> _Data section_:

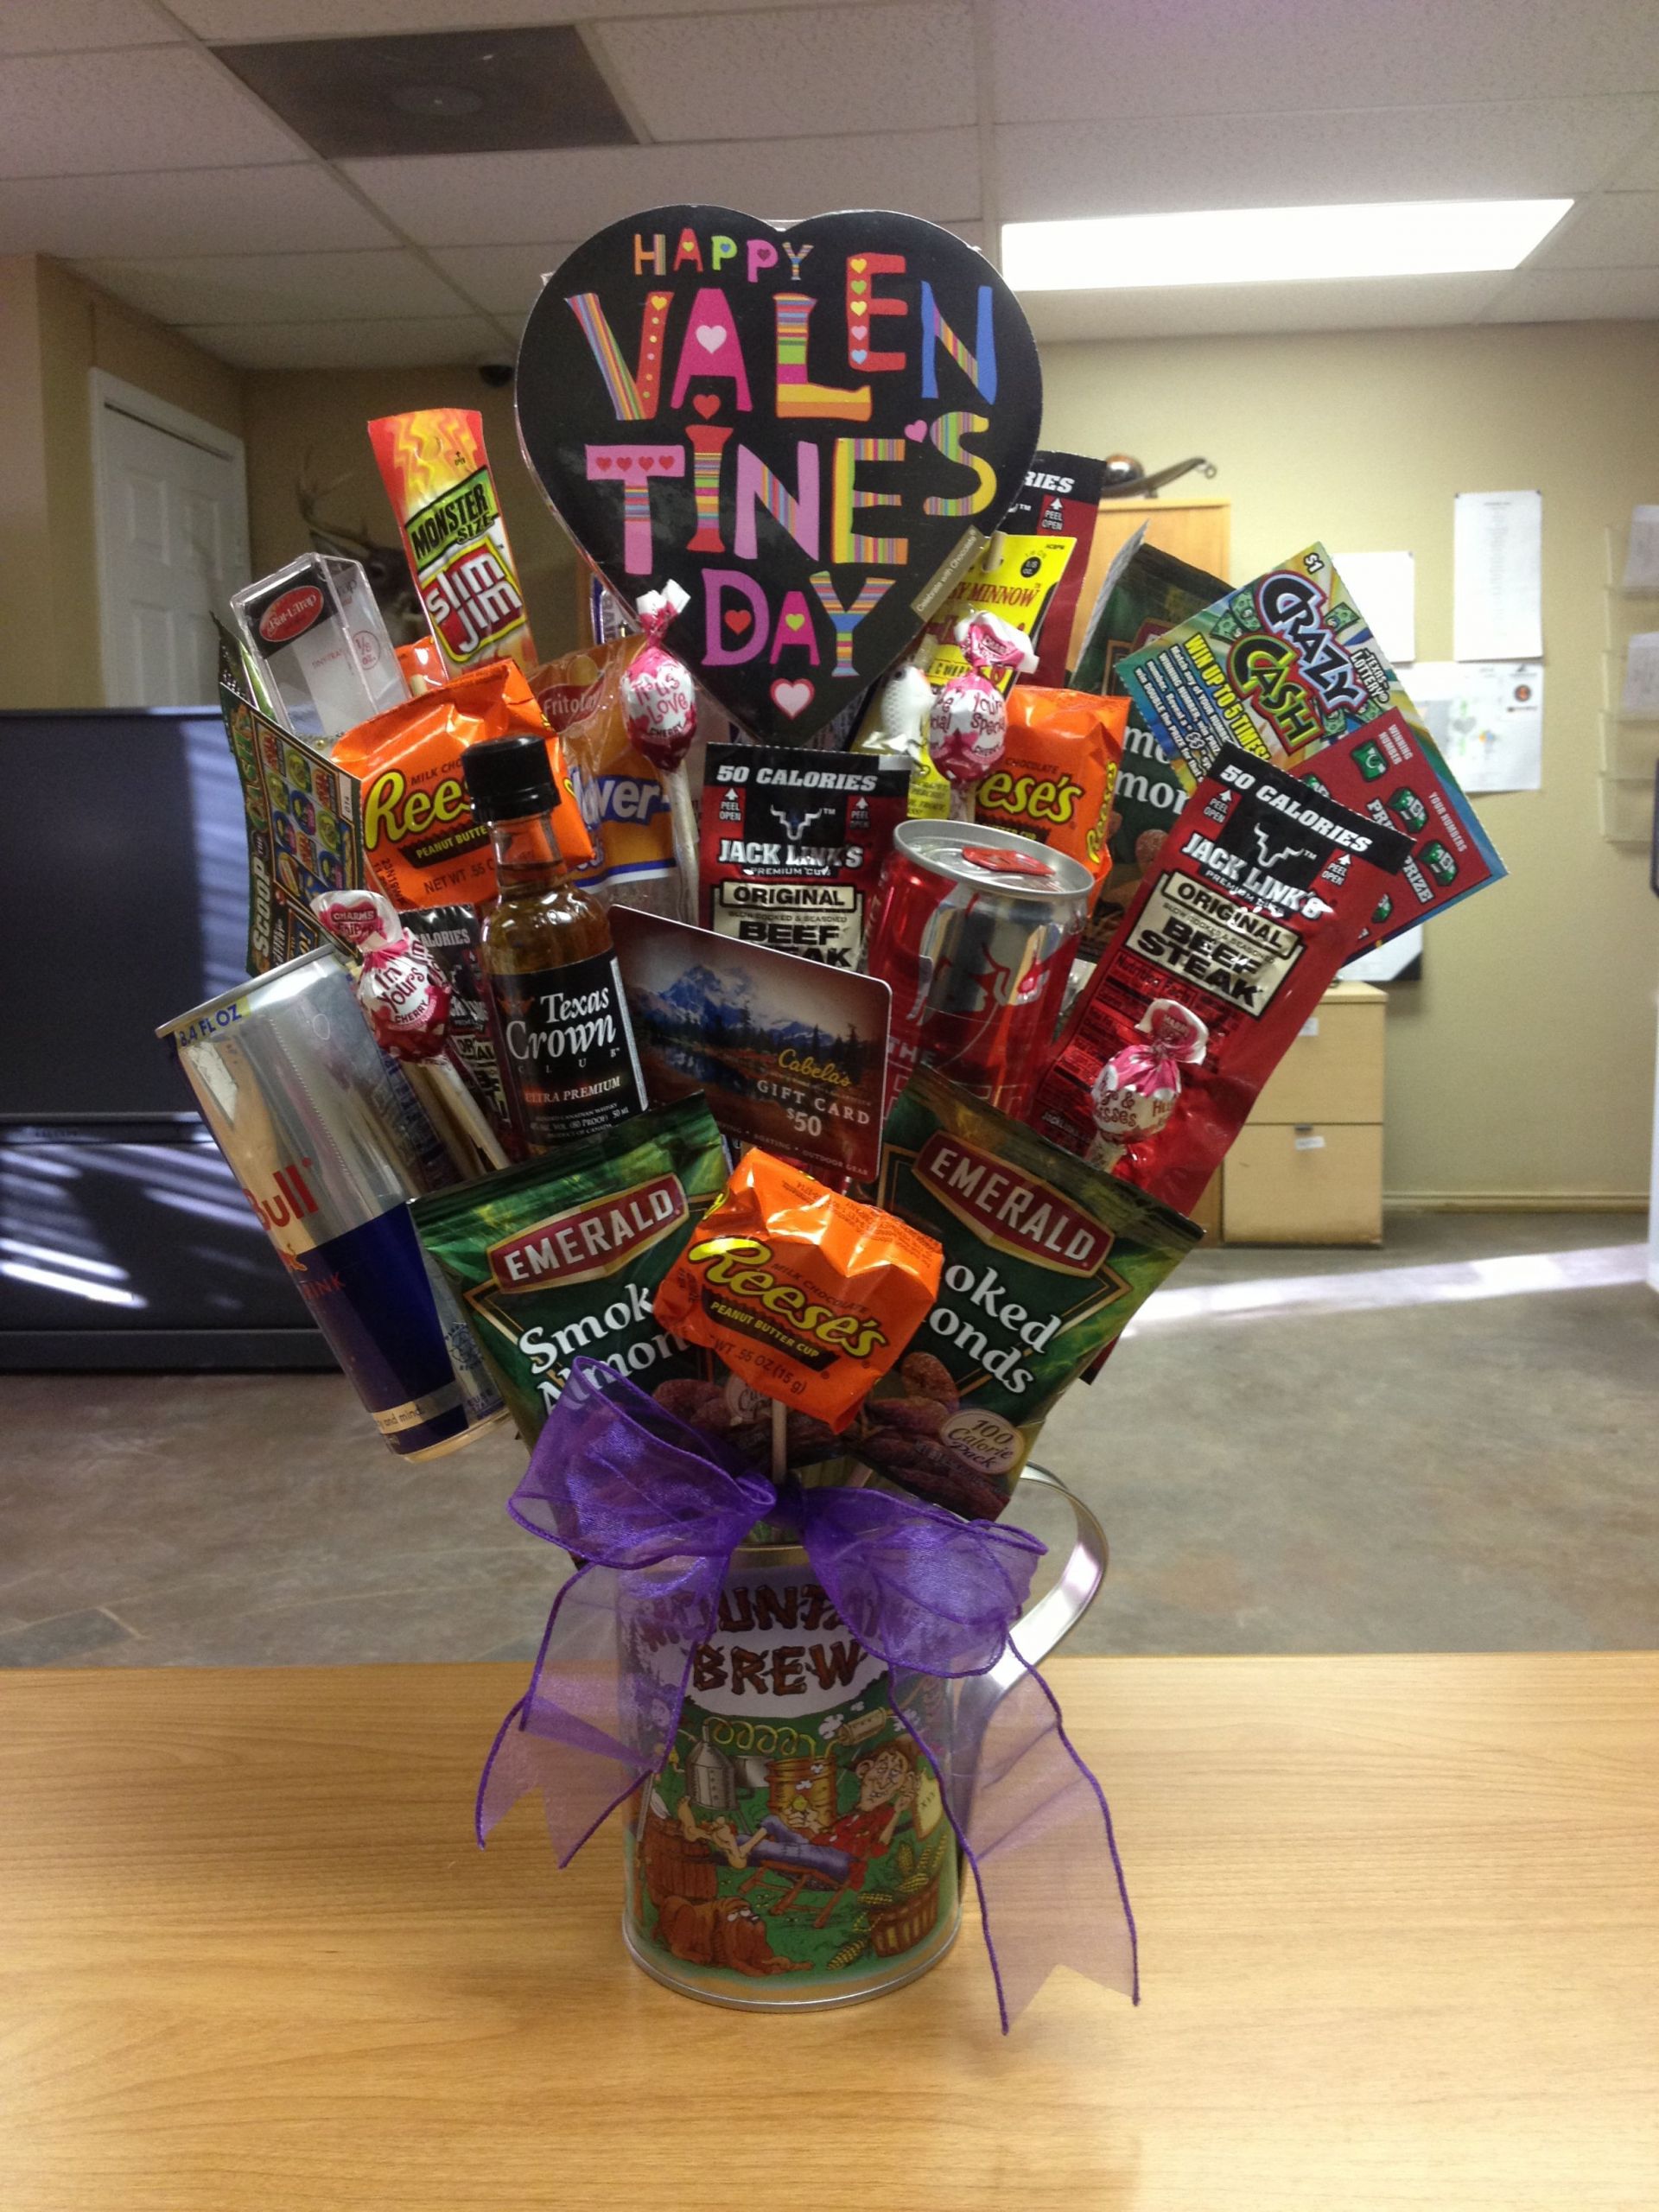 Valentines Gift Basket Ideas For Him
 The Bro Quet I made for my sweetie
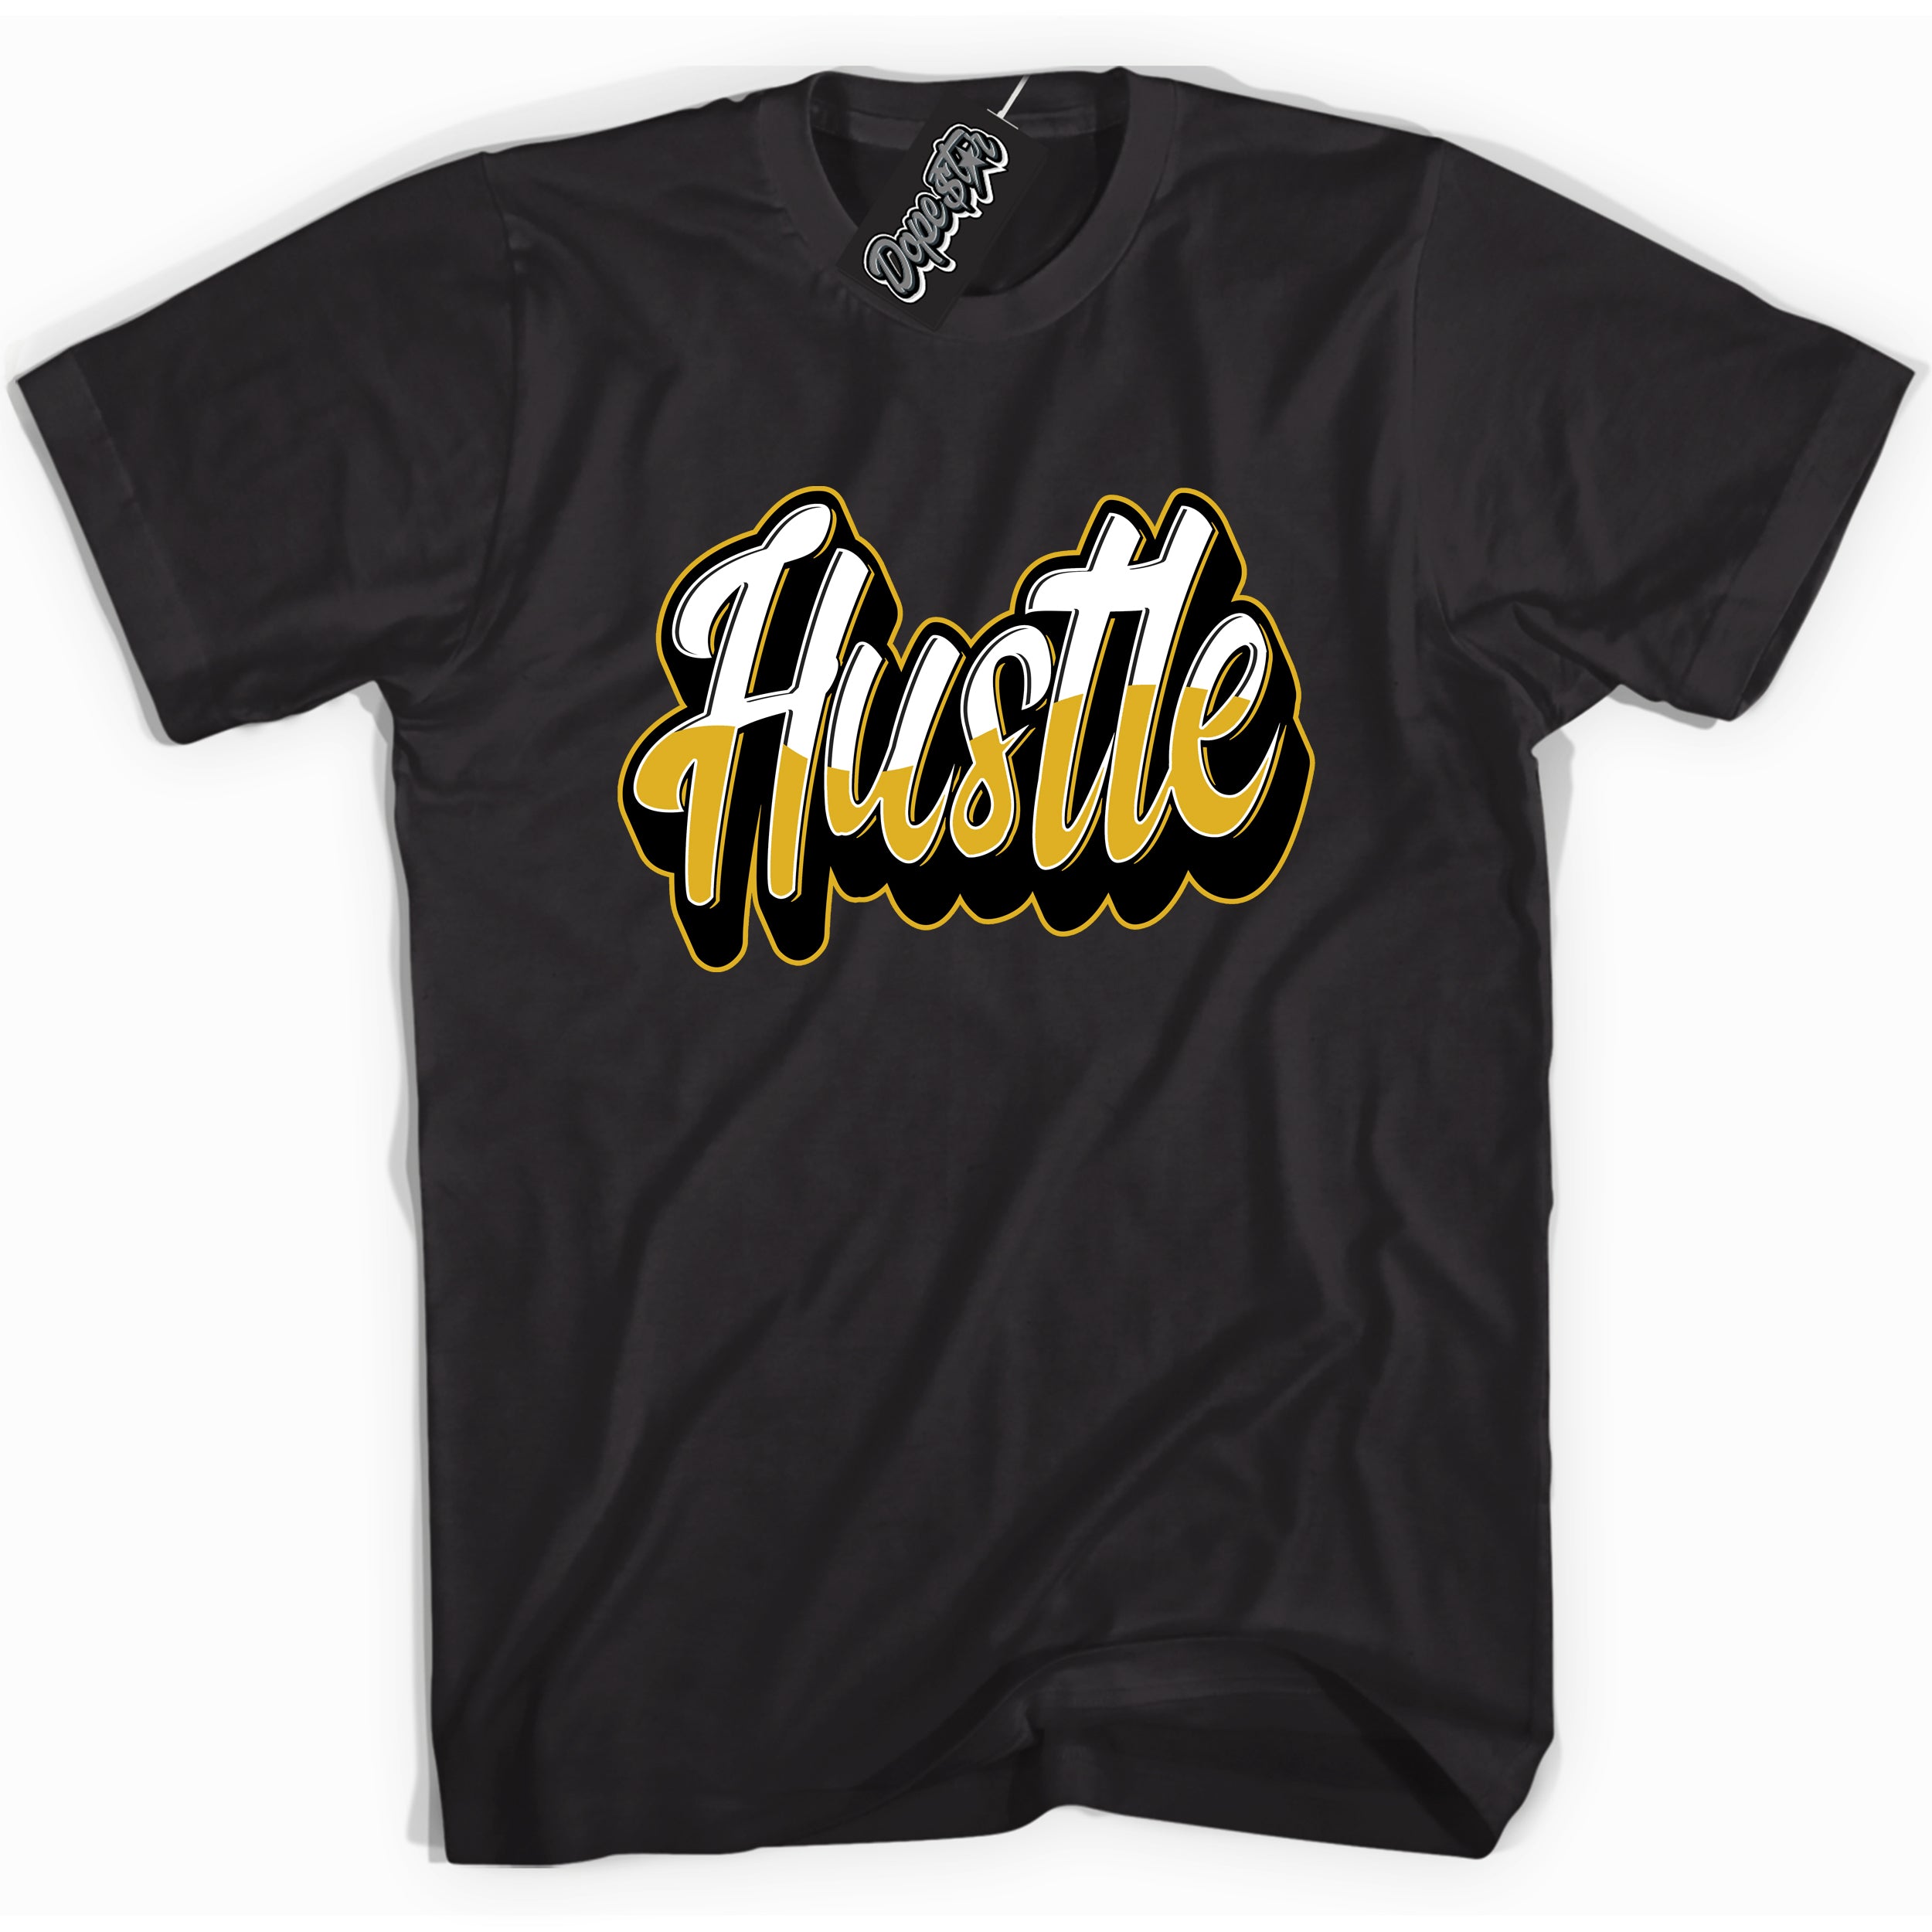 Cool Black Shirt with “ Hustle ” design that perfectly matches Yellow Ochre 6s Sneakers.

> _Your assignment_:
Leave out all pictures, then copy the remaining material exactly.

> _Answer space_:
 Valentines Gift Basket Ideas For Him
 The Bro Quet I made for my sweetie
 Cool Black Shirt with “ Hustle ” design that perfectly matches Yellow Ochre 6s Sneakers.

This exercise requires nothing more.